D’une certaine façon, si les associations de parents ont voté favorablement au changement de nom, les plaintes formulées ici sont sans objet : la collectivité locale suit un vœu unanime. Ces plaintes ne sont compréhensibles que si les associations de parents sont hostiles au projet, ce qui expliciterait le besoin de développer en deuxième partie de courrier les grandes difficultés surmontées par les élèves et leurs parents depuis quatre ans. Mais en l’état, la lettre n’est pas explicite. Elle contient cette mention :
« Comprenez bien que nous ne sommes pas ici en train de juger la proposition de renommer le collège du nom de Samuel Paty. Nous dénonçons en revanche la manière de faire. »
Vous noterez qu’il s’agit de l’idée de débattre du sujet, pas d’affirmer son accord quant au changement de nom.
On trouve plus tard cette autre formule :
« Il est fondamental et nécessaire, d’honorer la mémoire de Monsieur Paty, de lutter collectivement contre l’obscurantisme. Il n’y a pas et il n’y aura jamais de discussion là-dessus !
Soyez assurés encore une fois que ce n’est pas le fond que nous contestons mais bien la forme et la manière de faire. »
Là encore, le positionnement final des associations sur la question soumise au vote n’apparaît pas clairement. On peut tout à fait être d’accord avec un débat et rejeter absolument sa conclusion.
La FCPE et l’affaire Paty
En guise de conclusion, nous rappelons que des associations de parents d’élèves avaient été citées dans le rapport publié par l’IGESR. Ce passage, page 14, pour le lundi 12 octobre, nous avait interpelés à l’époque :
De son côté, la FCPE du collège a un nouveau contact téléphonique avec le père de l’élève. Celui-ci refusant toujours d’admettre les véritables raisons pour lesquelles sa fille a été sanctionnée et invoquant de façon insistante un « harcèlement » exercé par le collège à l’encontre de sa fille, la FCPE estimant alors qu’elle était « dépassée » dans l’exercice du rôle de modérateur qui est le sien a conseillé au père, s’il considérait qu’il y avait harcèlement, de déposer plainte.
Nous nous en étions émus il y a quatre ans sur notre site mais aussi dans L’Express.

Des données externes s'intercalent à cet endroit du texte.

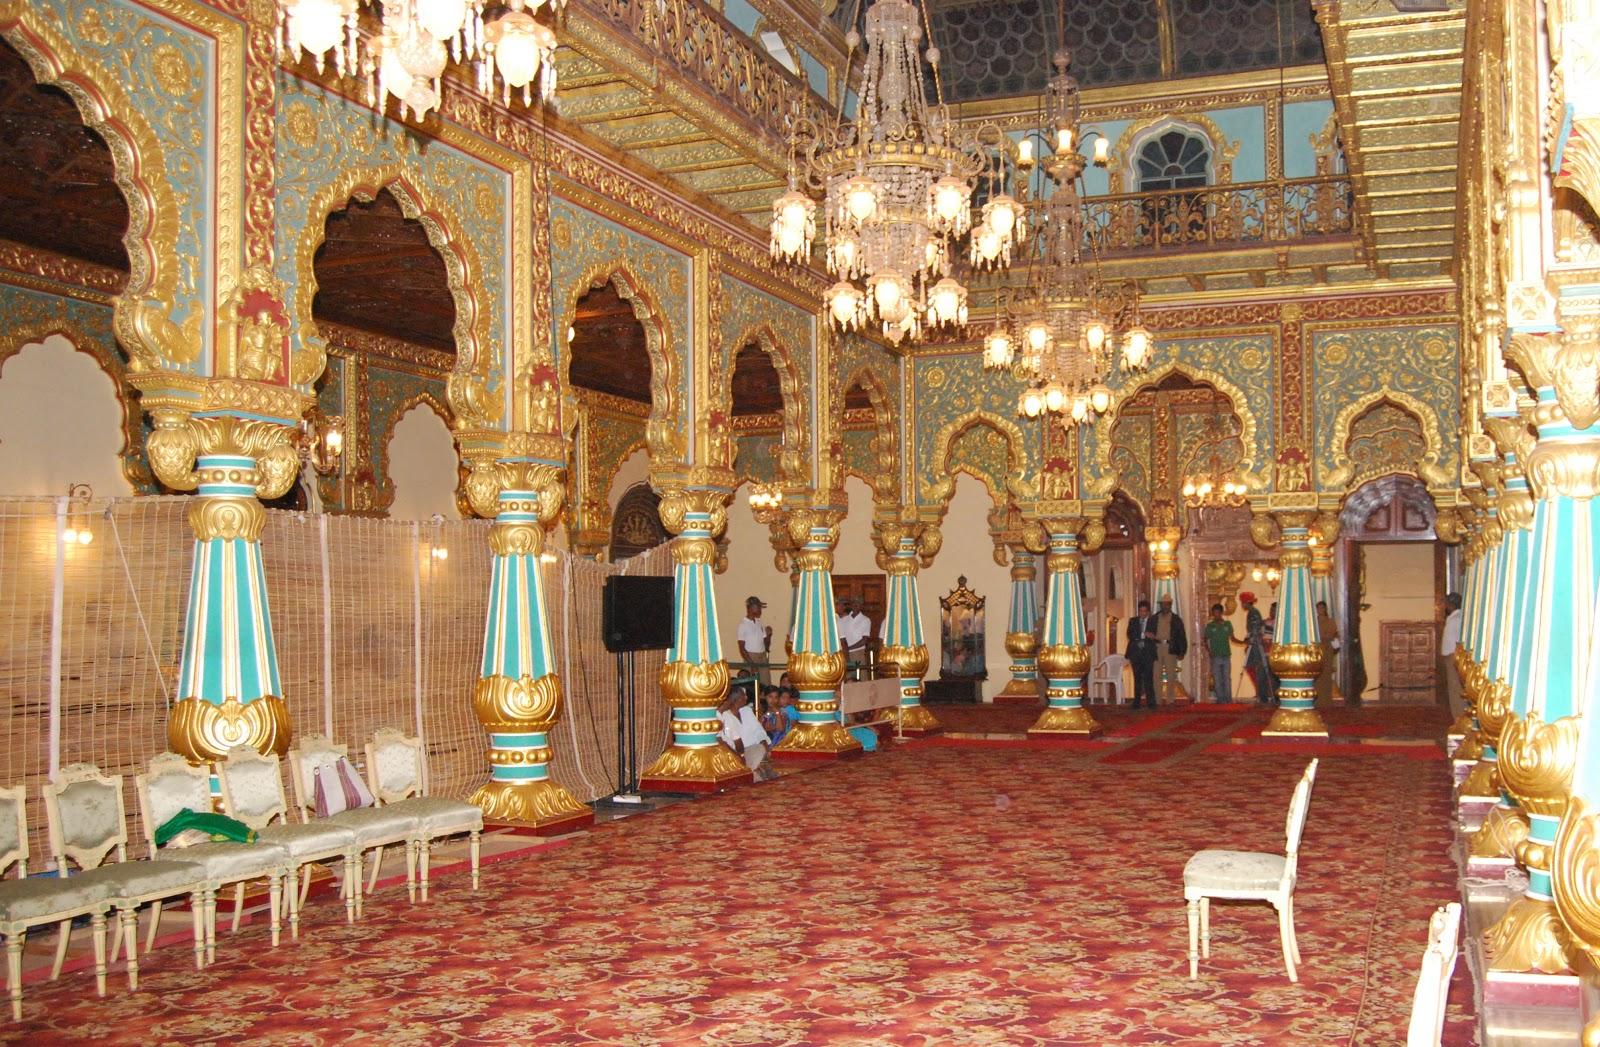 Ideas 70 of Mysore Palace Interior Images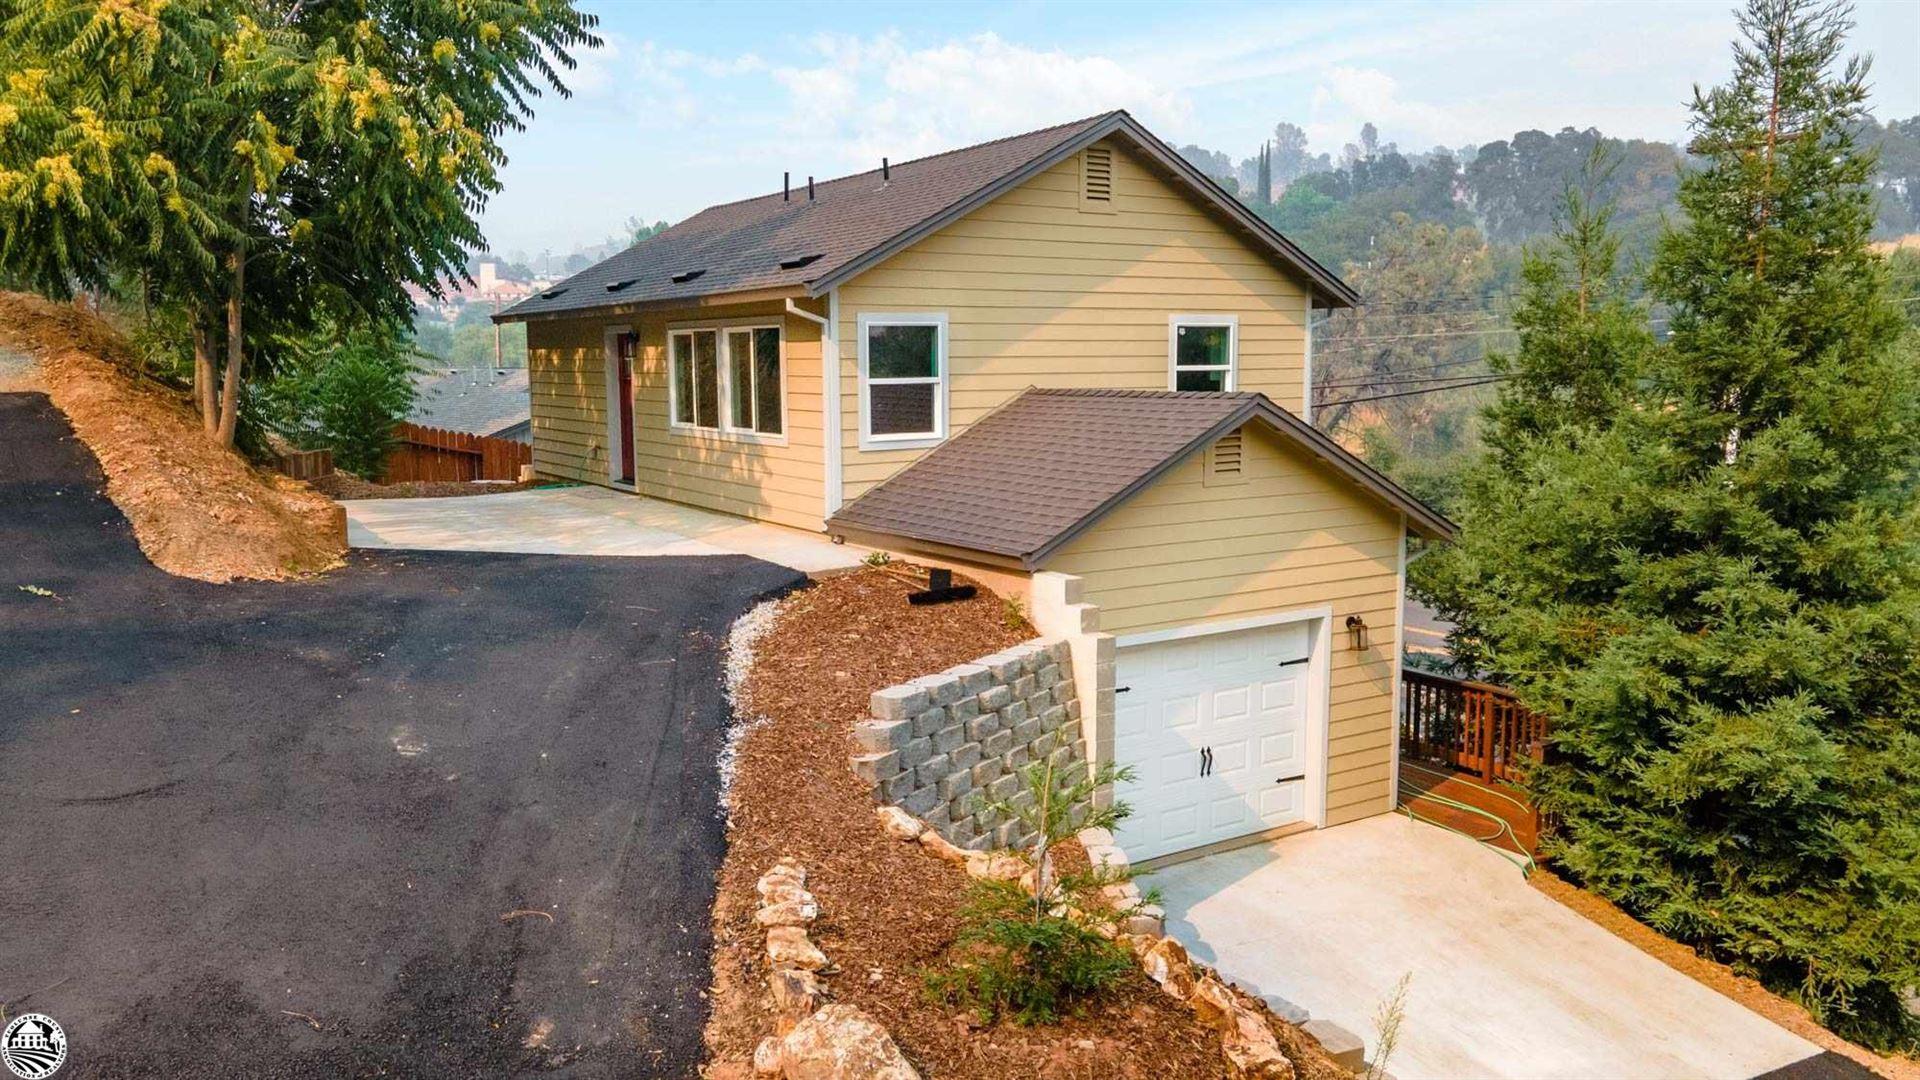 1140 S Washington Street Street, Sonora, CA 95370 - MLS#: 20200612

Cela avait donné lieu à un accrochage ultérieur avec la FCPE dont voici le retour dans cet article du magazine Marianne.
En l’état, cette prise de position des associations est totalement inaudible. Publier ce texte au lendemain de l’hommage à Samuel Paty, alors que le conseil d’administration avait organisé son vote quasiment trois semaines plus tôt, ajoute au profond embarras ressenti.
Depuis le début, les Clionautes se sont promis de suivre précisément cette affaire, de défendre la mémoire de notre collègue et la profonde respectabilité des missions du professeur d’histoire-géographie. Nous tâcherons également de bien suivre le procès des huit adultes impliqués dans l’assassinat qui commencera en novembre.